Operation of s 67(3)

  1. Finally, I note the question that also arose in this trial about the operation of s 67(3) in relation to consents “negated” by s 67(1).

  1. One intended effect of s 67(1) seems to be that an ostensible consent to the relevant sexual activity is not a real consent if the giving of that ostensible consent is caused by any of the actions or circumstances described in paras 67(1)(a) to (j). Section 67(1) thus enables the requirement of an absence of consent to be established, despite an ostensible consent, in appropriate cases.

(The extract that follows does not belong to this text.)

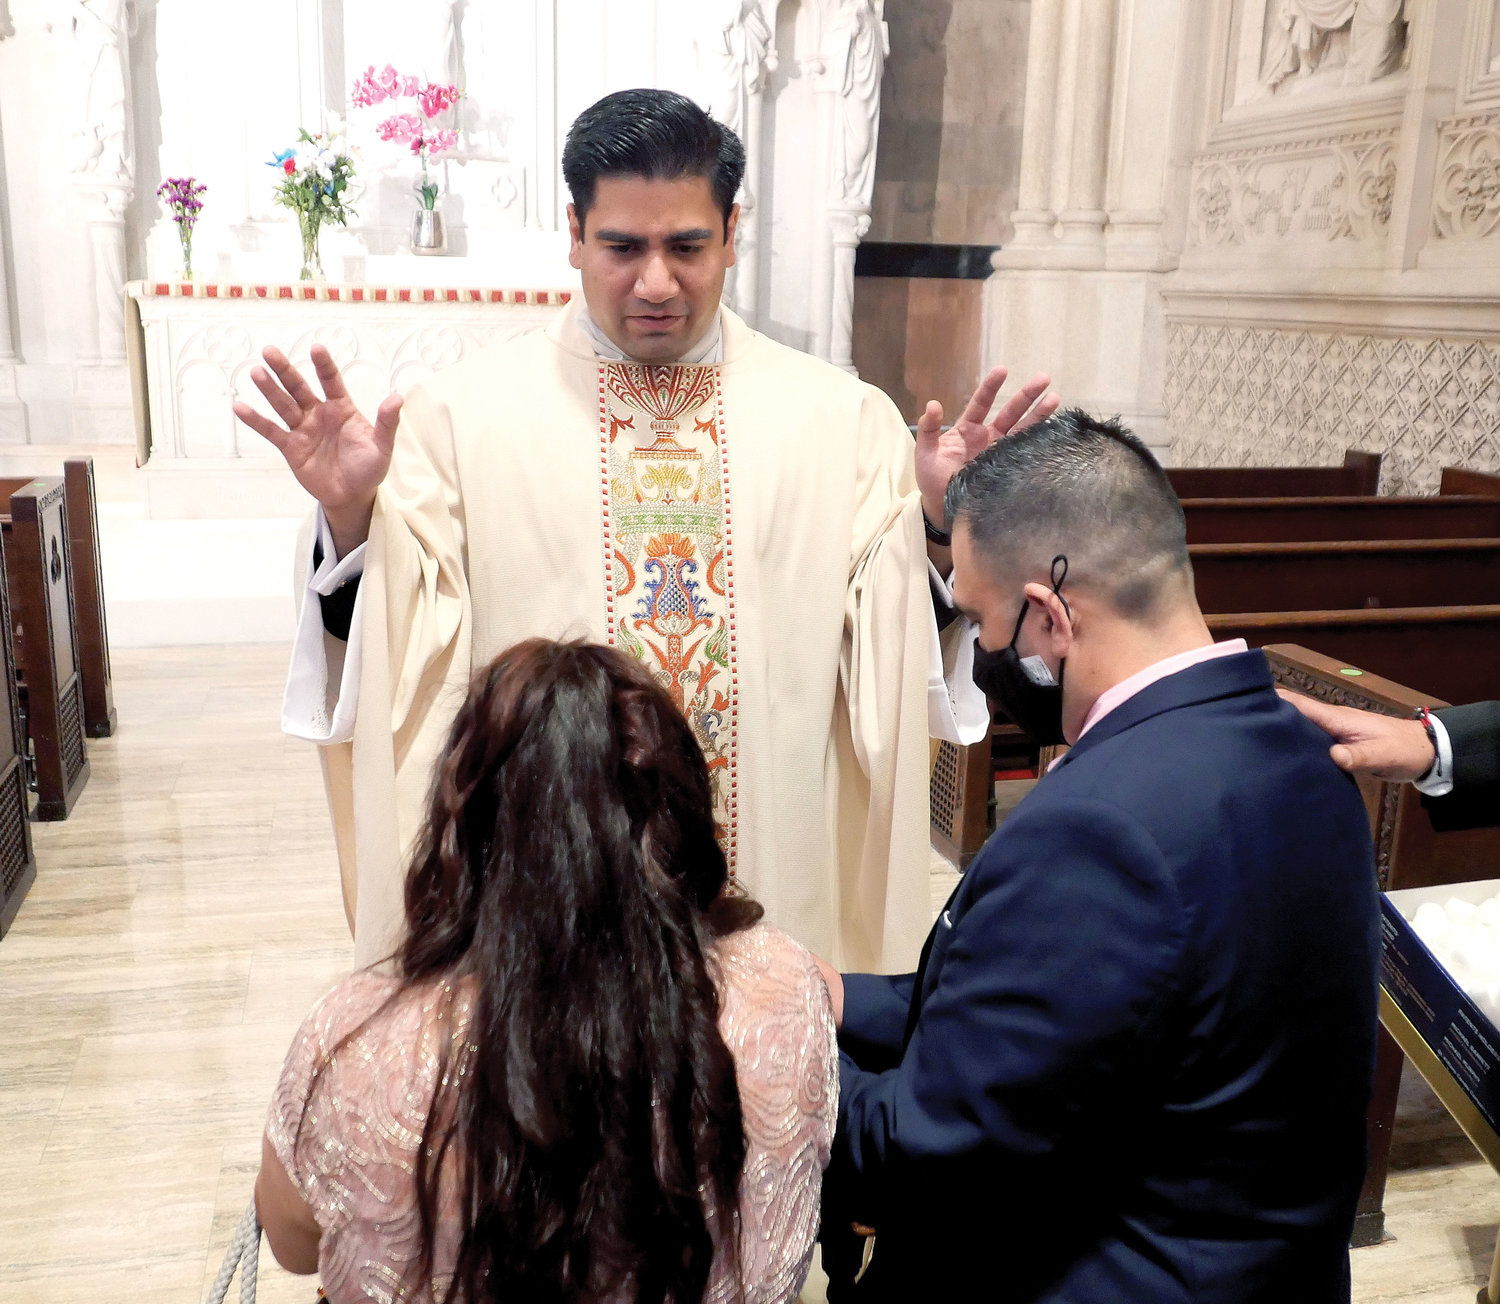 Father Silva offers first blessings near the cathedral’s Our Lady of Guadalupe altar after the liturgy.

  1. In 2001, the ACT Law Reform Commission (LRC) considered s 92P of the Crimes Act (now s 67) in its Report on the Laws Relating to Sexual Assault (Report No 18 (although incorrectly printed as No 17)). The LRC noted at [184] that the section may also enable an “actual consent” to be deemed not to have been given in the circumstances covered by the section, but that the intended meaning of “negating” consent appears to be different for different paragraphs of s 67(1) – for instance, the LRC said, the reference to force and threats (s 67(1)(a), (b), (c) and (d)) may suggest negation of what was only ever an apparent consent (because it was not free or voluntary), but the reference to the abuse of a position of trust (s 67(1)(h)) suggests negation of an actual consent.

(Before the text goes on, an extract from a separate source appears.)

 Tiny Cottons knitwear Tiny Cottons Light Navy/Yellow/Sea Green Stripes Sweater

  1. The question that was raised in this trial, however, was whether s 67(3) confines the operation of s 67(1) to cases in which the accused can be shown to have known that the ostensible consent was caused by one of the actions or circumstances described in paras 67(1)(a) to (j) (and is therefore deemed to know that the complainant did not consent), or whether s 67(1) also applies where an accused person may have been reckless about consent. That is, does s 67(1) apply where any ostensible or actual consent would have been negated under that provision (thus establishing the objective absence of consent) but where the accused’s state of mind cannot be shown to have involved knowledge so as to invoke the operation of s 67(3). If s 67(1) still applies in such a case, this would leave the question of the accused’s state of mind (specifically, whether he or she was reckless about consent) to be addressed by other evidence, rather than by a legislative presumption such as is provided by s 67(3) in relation to knowledge. Otherwise, s 67 only protects a complainant whose “consent” has resulted from one of the circumstances described in that subsection if the accused knows that this was the origin of the consent, but not if the accused was reckless about the origin of the consent.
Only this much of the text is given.